Search code examples
rdecision-treeparty

How do you use the partysplit function from partykit library to make a split with multiple factor levels in one child node


I am making a manual decision tree tool in R and am having trouble with categorical splits.

For a table df below I want to make a split on the variable cat1 such that levels 1, 2, and 5 are in child 1 and levels 3, and 4 are in child 2

Is there a way to use partysplit to specify this?

df <- data.frame(cat1 = rep(c('A','B','C','D','E'), times = 100))

# This will give 5 child nodes with one level in each node
split1 <- partysplit(varid = 1L, index = 1:5)

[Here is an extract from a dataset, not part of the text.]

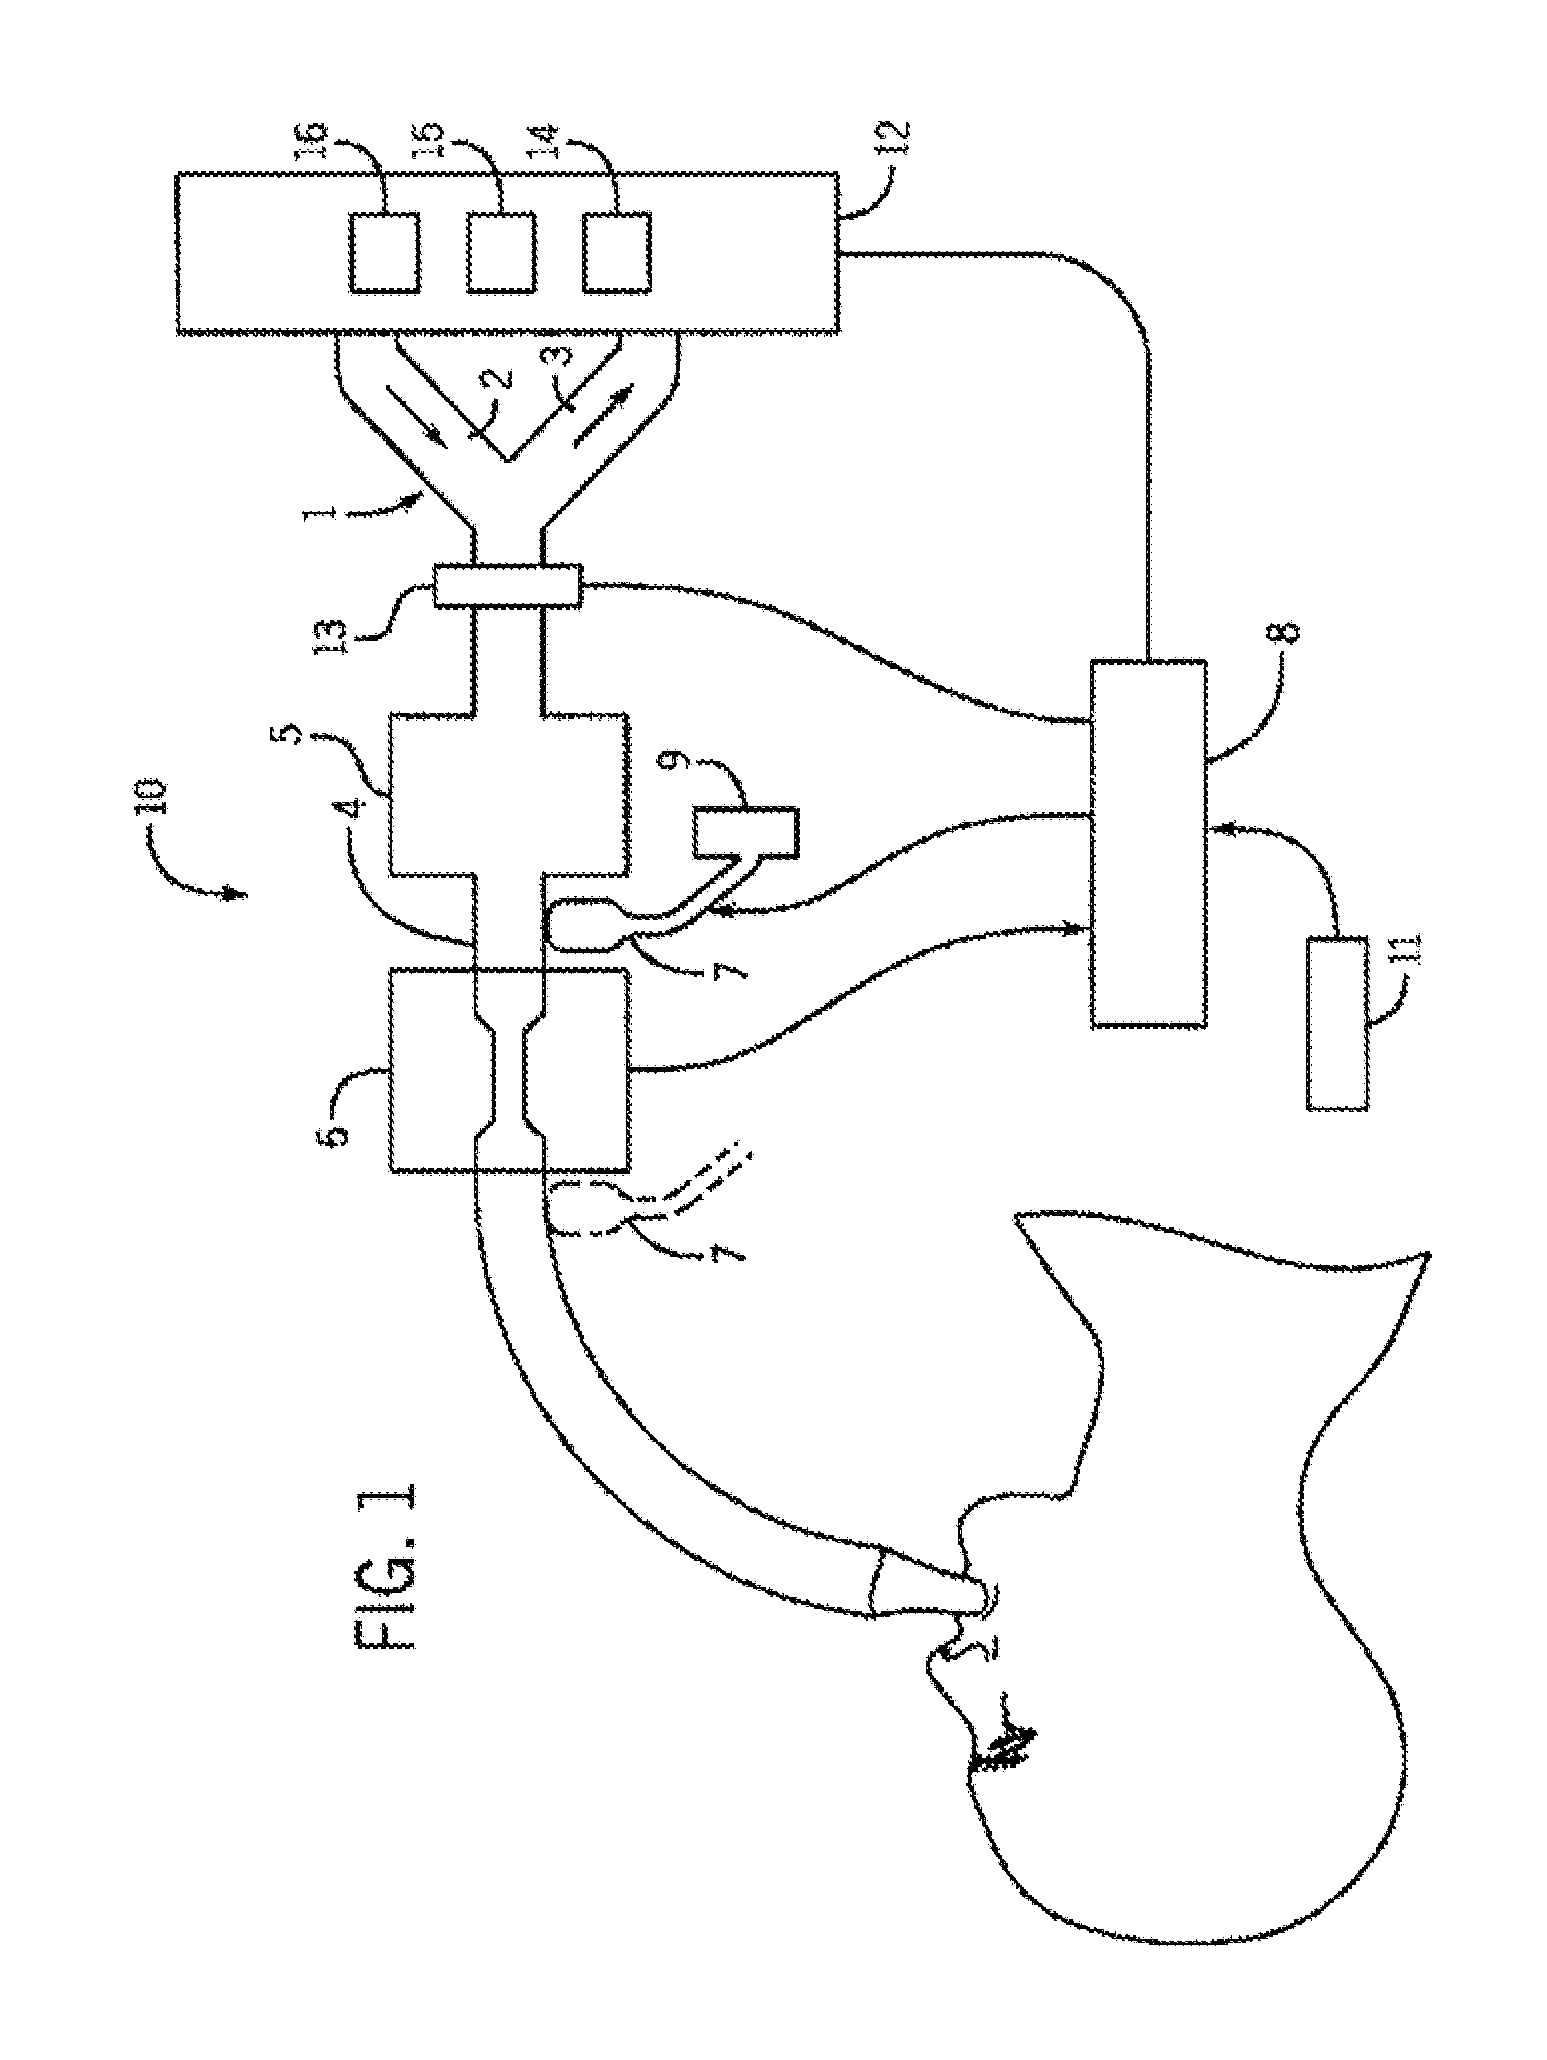 Apparatus, system and method for administering an anesthetic agent for a subject breathing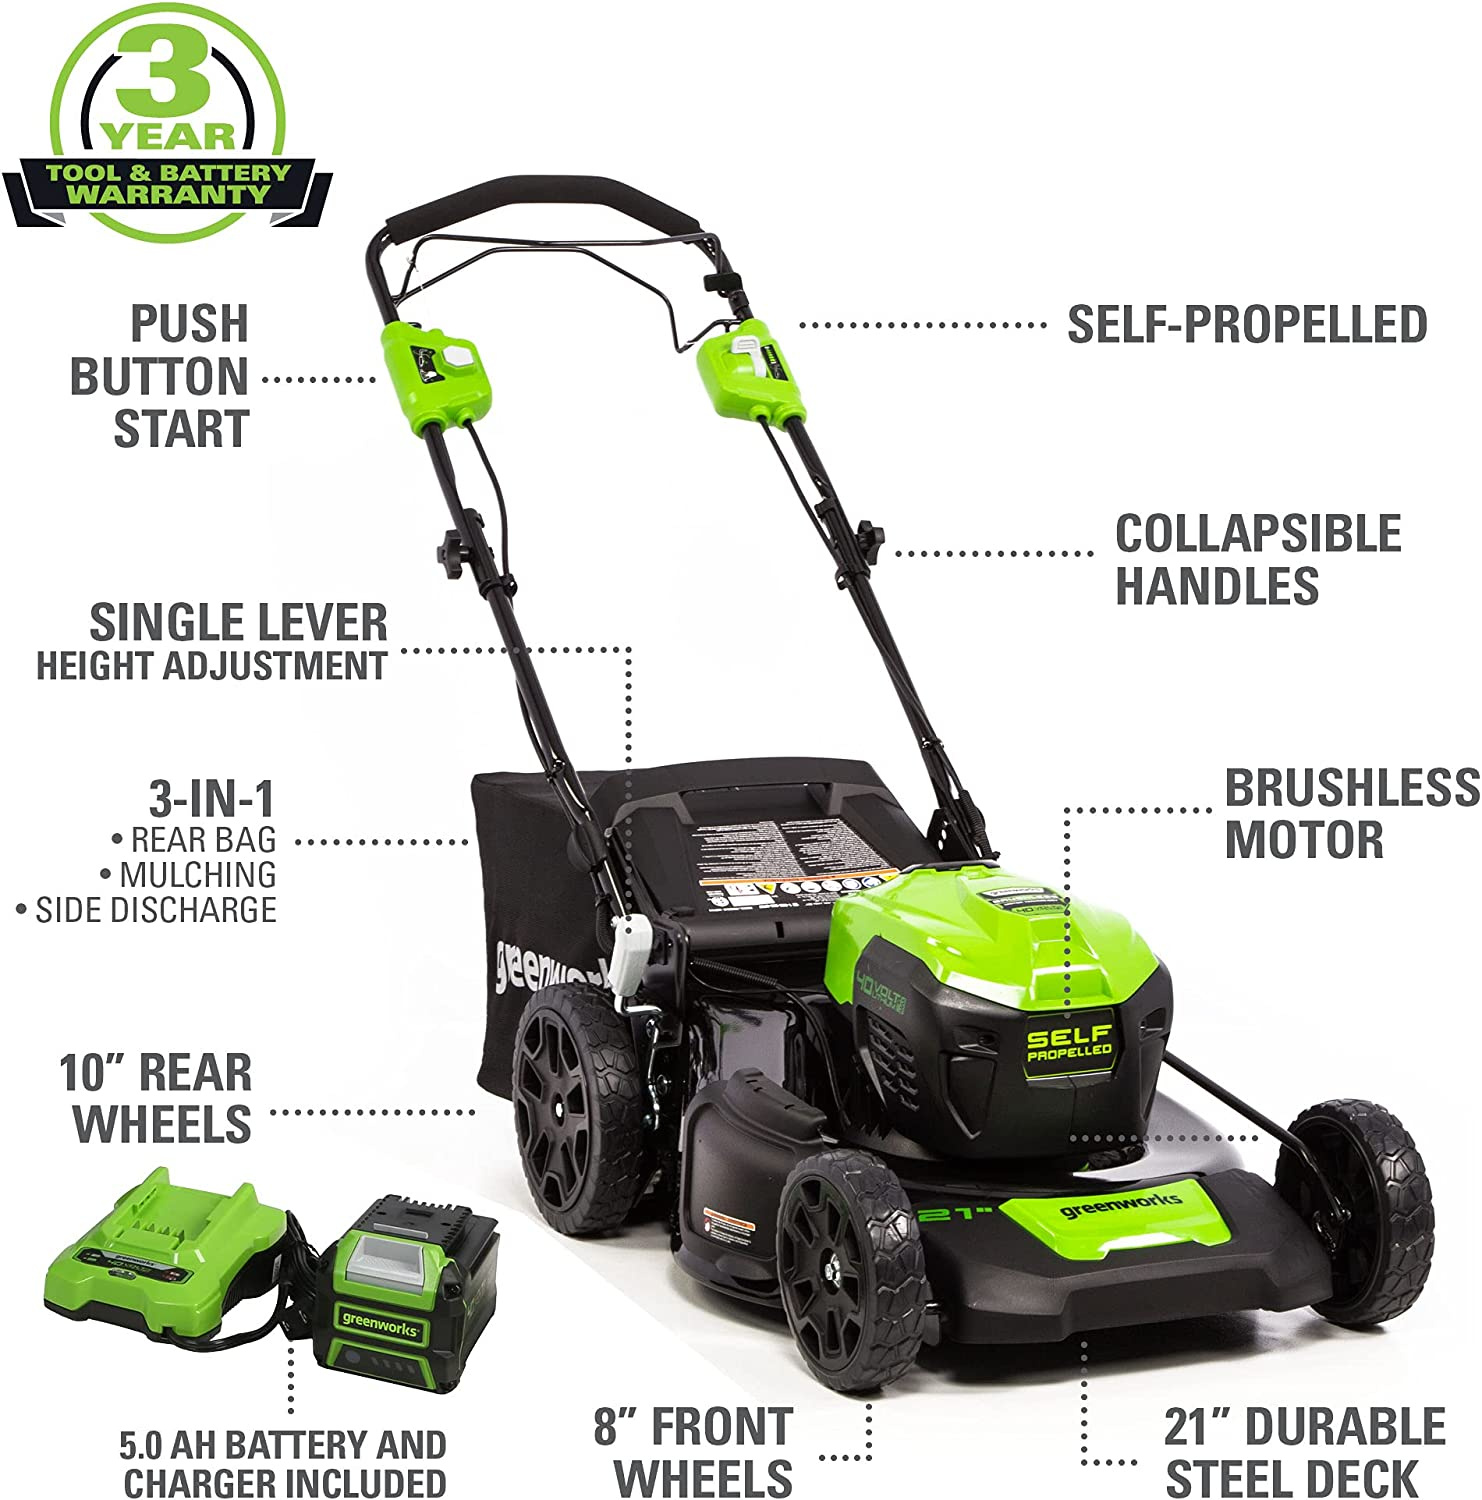 Greenworks 21" 40V Self-Propelled Lawn Mower with 5.0 Ah Battery & Charger​ 2516402 - image 3 of 16

# This gives an error because you have to specify index numbers from 1:number of child nodes

split2 <- partysplit(varid = 1L, index = c(1, 2, 5))

Solution

  • For categorical variables it is easiest to simply set index to the vector of node IDs each of the levels should go to. In your case:

    split3 <- partysplit(varid = 1L, index = c(1L, 1L, 2L, 2L, 1L))
    

    The function character_split() can then be used to extract the variable name and generate suitable labels. This is convenient for checking whether you got the split right:

    character_split(split3, data = df)
    ## $name
    ## [1] "cat1"
    ## 
    ## $levels
    ## [1] "A, B, E" "C, D"